Prices aren’t going to settle or go into reverse during Q2 2024, says TrendForce. Instead, we could see a further 10-15% of compounded price increases from now until the end of June.

You will notice from the chart that the client SSD price increase is outpacing that of the key 3D NAND wafers. TrendForce explains that the SSD prices have been negatively impacted by factors such as SSD maker buying strategies, a decline in associated product sales, and a lack of stockpiling in recent months.

Turning to an influence on client SSD pricing and the market as a whole, TrendForce asserts that Kioxia and WDC have boosted their production capacity utilization rates from Q1. However, other major players have been conservative with production strategies.

Things could have been worse for client SSDs. Enterprise customers will face the worst Q2 2024 price increases, according to the predictions of TrendForce analysts. The reasons behind the projected 20-25% increase in enterprise SSD prices in the current quarter are varied. The main contributors to the increases are thought to be the continued strong demand from US and Chinese communications service providers, unfulfilled demand for large-capacity products, and expectations that some will try and build inventory in Q2.

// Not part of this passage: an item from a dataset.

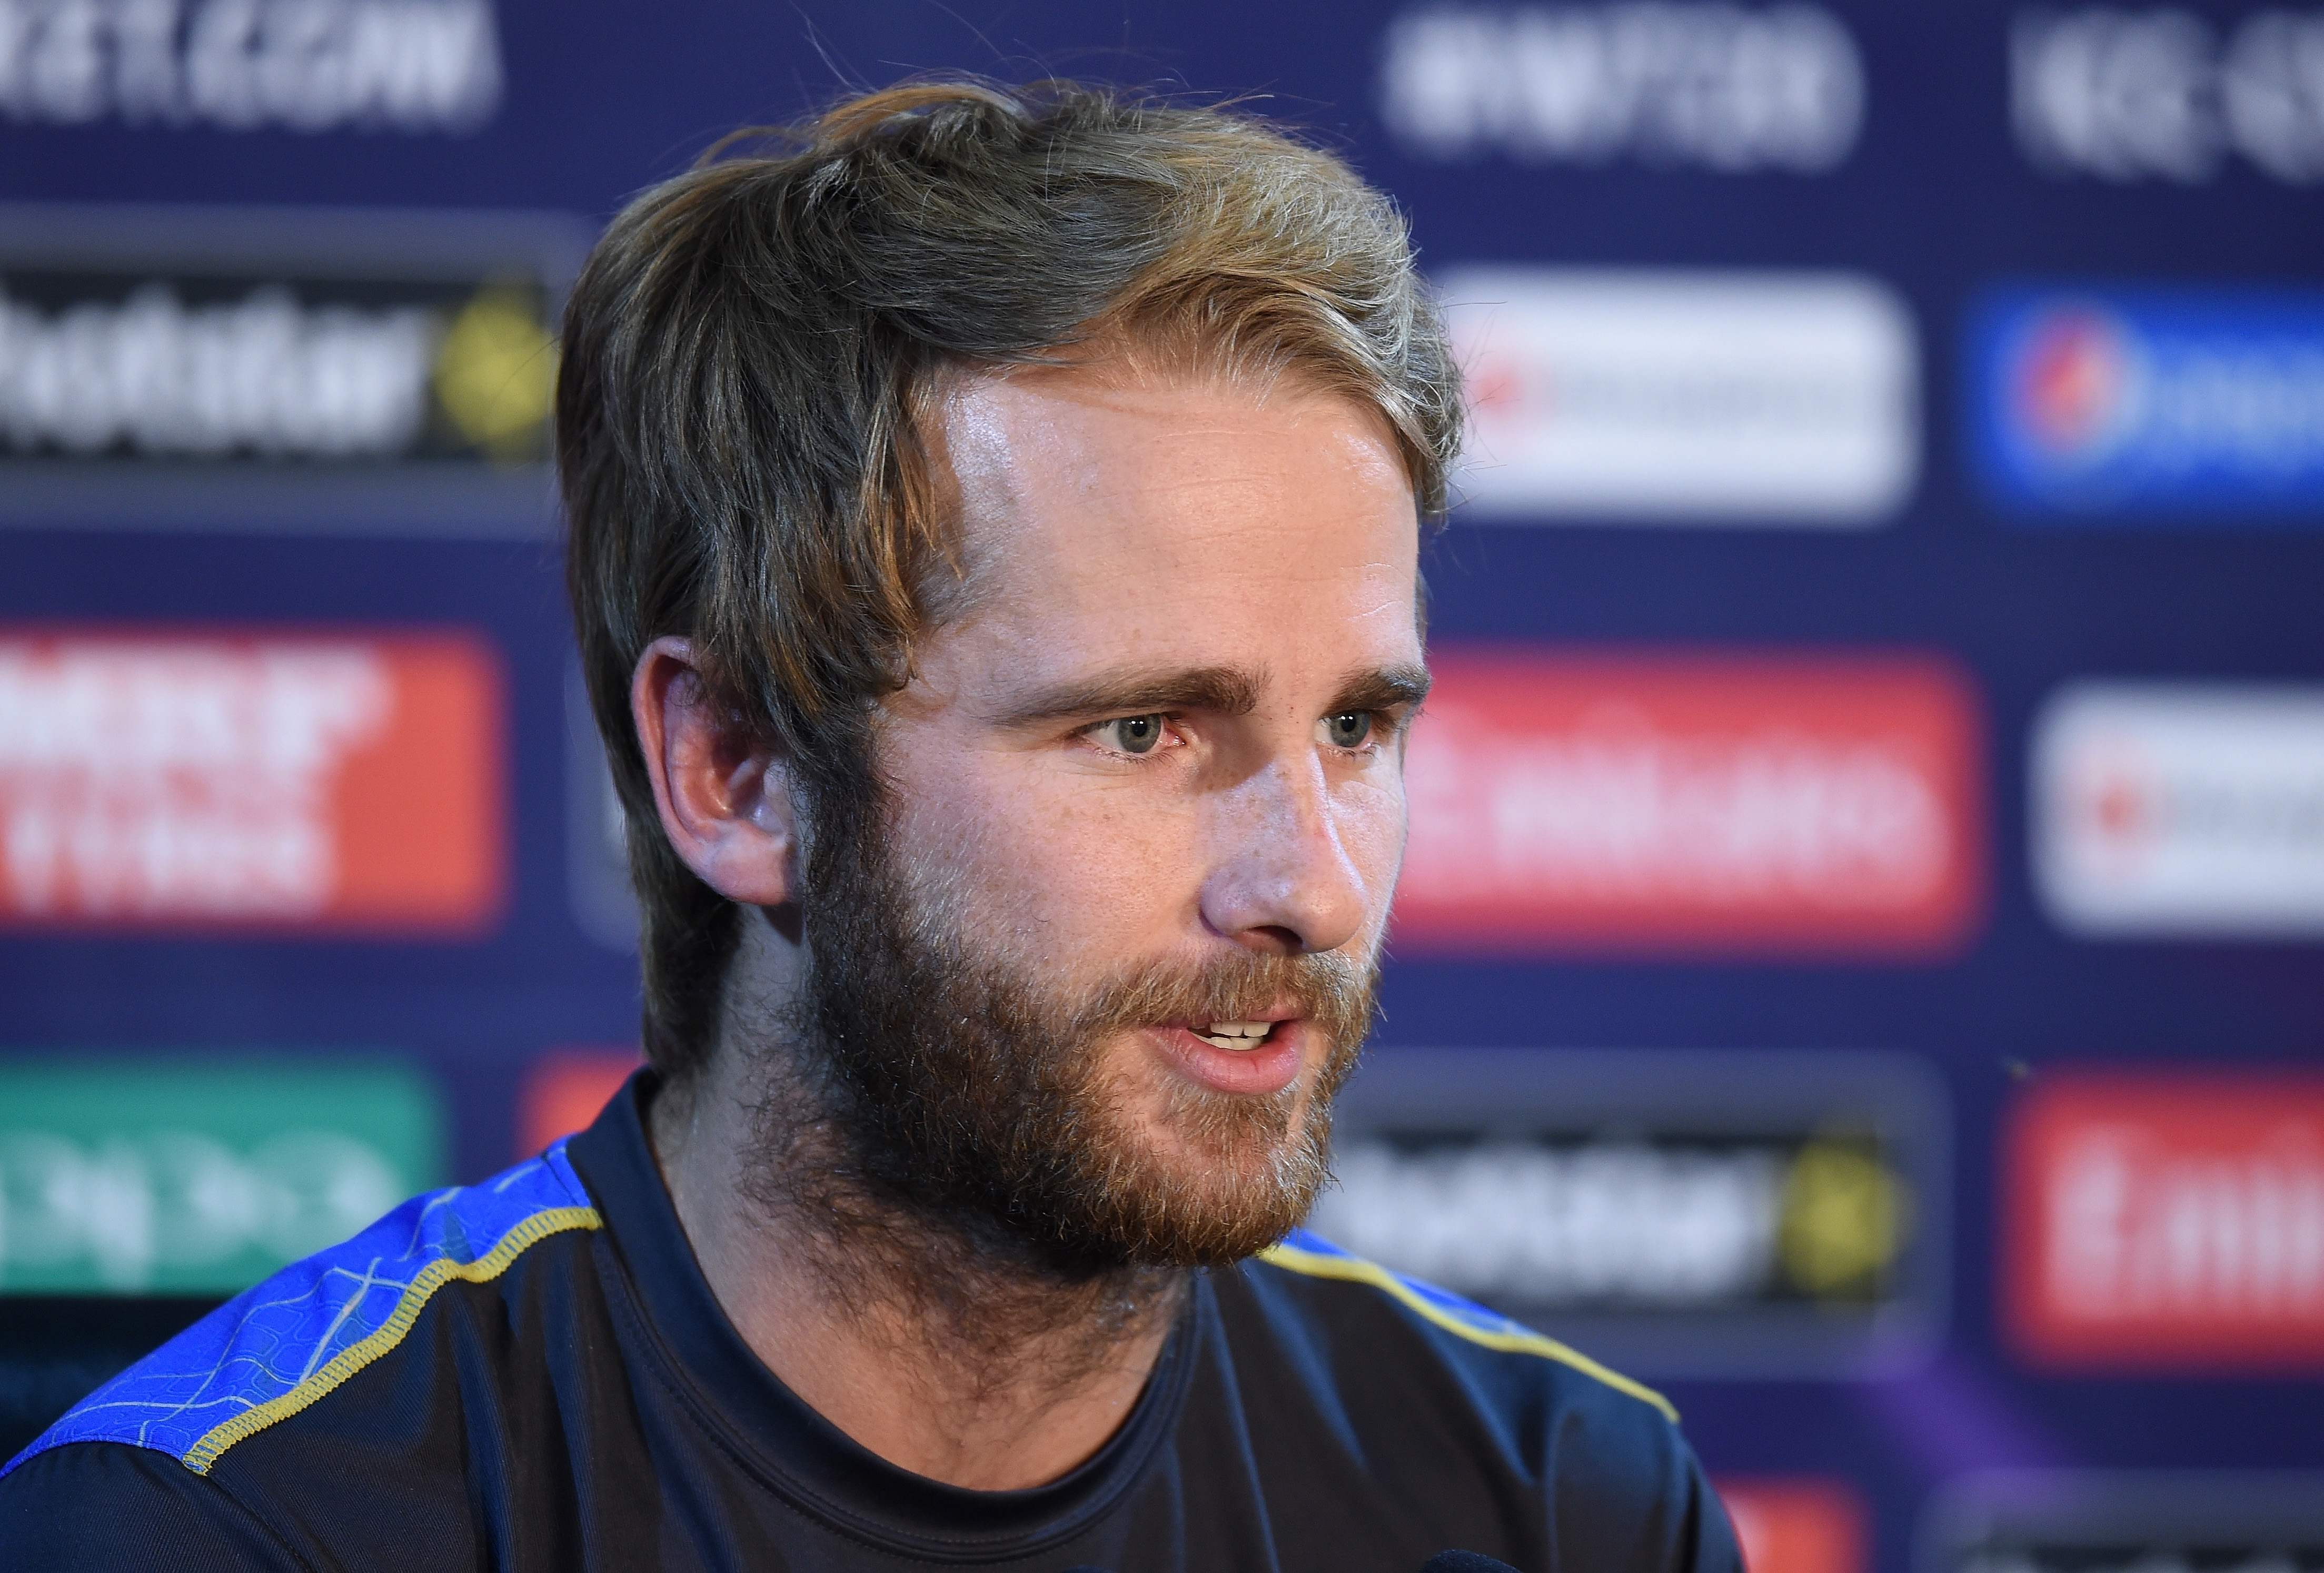 In-form New Zealand will stay grounded against England: Williamson

Buyers of eMMC and UFS storage products will see a similar 10-15% compounded price increase in Q2, according to the research.

Mark Tyson
Freelance News Writer

Mark Tyson is a Freelance News Writer at Tom's Hardware US. He enjoys covering the full breadth of PC tech; from business and semiconductor design to products approaching the edge of reason.

  • Giroro
    We've all been through this before.
    Can they just start the anti-trust investigation now? Instead of waiting a year for a bunch of mysterious accidents and power outages to conveniently stop production at the companies that promised they really wanted to increase production for real.... "But onoes, gosh darn it, I guess we'll have to drastically cut production instead *shrug emoji*.

    It would save everybody a lot of time.
    Reply
  • PEnns
    Giroro said:
    We've all been through this before.
    Can they just start the anti-trust investigation now? Instead of waiting a year for a bunch of mysterious accidents and power outages to conveniently stop production at the companies that promised they really wanted to increase production for real.... "But onoes, gosh darn it, I guess we'll have to drastically cut production instead *shrug emoji*.

    It would save everybody a lot of time.
    Indeed. It's very strange how each time SSDs become affordable, suddenly there is a confluence of events that directly lead to sky high prices again - and giddily happy CEOs of SSD companies!
    Reply
  • Notton
    PEnns said:
    Indeed. It's very strange how each time SSDs become affordable, suddenly there is a confluence of events that directly lead to sky high prices again - and giddily happy CEOs of SSD companies!
    Which even are you talking about?
    AFAIK, there wasn't any notable event.

    The NAND makers were overproducing and so they cut back production at roughly the same time.
    As a company, you would have to be insane to keep producing at cost.
    Reply
  • thisisaname
    Prices going up but only a short while ago they where going down due to over supply. Demand as picked up that much already?
    Reply
  • thisisaname
    Notton said:
    Which even are you talking about?
    AFAIK, there wasn't any notable event.

    The NAND makers were overproducing and so they cut back production at roughly the same time.
    As a company, you would have to be insane to keep producing at cost.
    They all did, one company did not cut production so they could reap the rewards of a high price and have more to sell.
    Reply
  • Co BIY
    15% hardly seems high given general inflation.

    Have you seen the price of every other product in the world?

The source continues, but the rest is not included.